И, может, самое страшное в этот момент, что Тим больше не может сыграть свою роль — холодного старшеклассника.
Нет никакого холода. Есть горячий мокрый шум. Есть паралич и бессилие.
Здесь редко случаются драки, в этой гимназии. У местных ребят — другое оружие. И они говорят, словно двое исчезли, словно их — нет в пространстве, словно с ними — нечего считаться, обсуждают между собой, заколачивают фразой за фразой — в одну точку, как уже случилось однажды, на улице.
— Смотрите: нечисть еще и корешится.
— Граф Плаксин что-то нас не познакомил.
— Он, может, вообще говорить не умеет.
— А че? Земли наелся, пока из могилы вылезал?

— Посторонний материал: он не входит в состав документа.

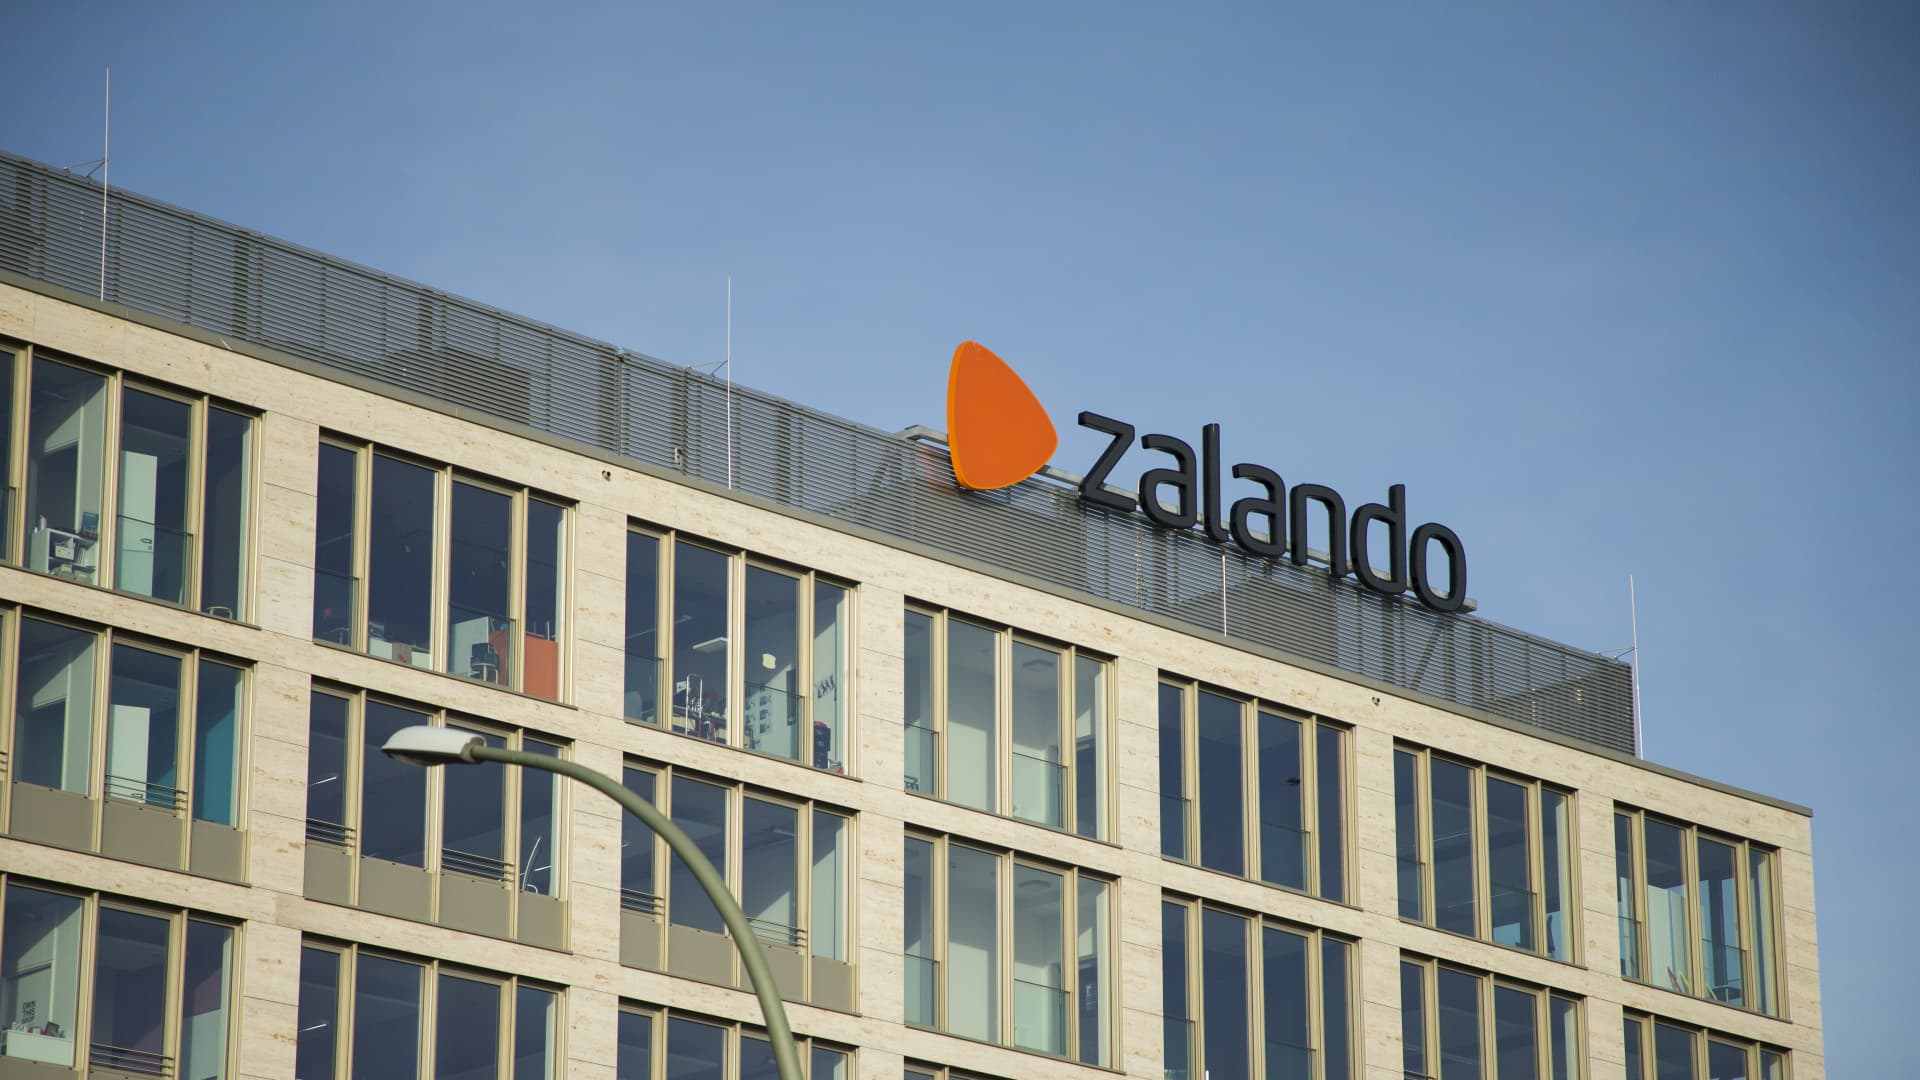 The Zalando logo is seen on a building in the district of Friedrichshain-Kreuzberg in Berlin, Germany

— Интересно, он его призвал или они где-то на шабаше встретились?
— Эй, а как там звать этого, позорище семьи Сакевичей?
— Грязная кровь.
— Паршивая овца.
— Сын шлюхи.
— Ему жить не стыдно, интересно? В чужой-то семье.
— Я бы на месте его мамки сделала аборт.
— …чтобы он не появился.
— Бастард.
— Ублюдок.
Затыкаются резко. По чьей-то команде. В воцарившейся тишине кажется, что время остановилось. Но жизнь продолжается за пределами этого коридора. Стук каблуков. Все громче и громче.
— Что здесь за столпотворение?..
Пару секунд десятиклассники переглядываются. Не сговариваясь, открывают картину. Чей-то девичий голос выдает почти надрывно:
— Алевтина Андреевна, тут наш Лаксин…
— Лаксин, боже мой…
Эта учительница ничего у Стаха не ведет. Он смотрит на нее, почти умоляя ее — заметить, понять, сделать хоть что-нибудь. Но она не видит его лица, она подходит и, наклонившись к Тиму, тоже пачкает об него пальцы. И она спрашивает не полный ужаса взгляд. Она спрашивает — толпу:
— Кто это сделал?!.. — как будто толпа ответит.
Они начинают говорить наперебой, лезут в помощники, дезориентируют. Это не первый раз, когда они почти попались.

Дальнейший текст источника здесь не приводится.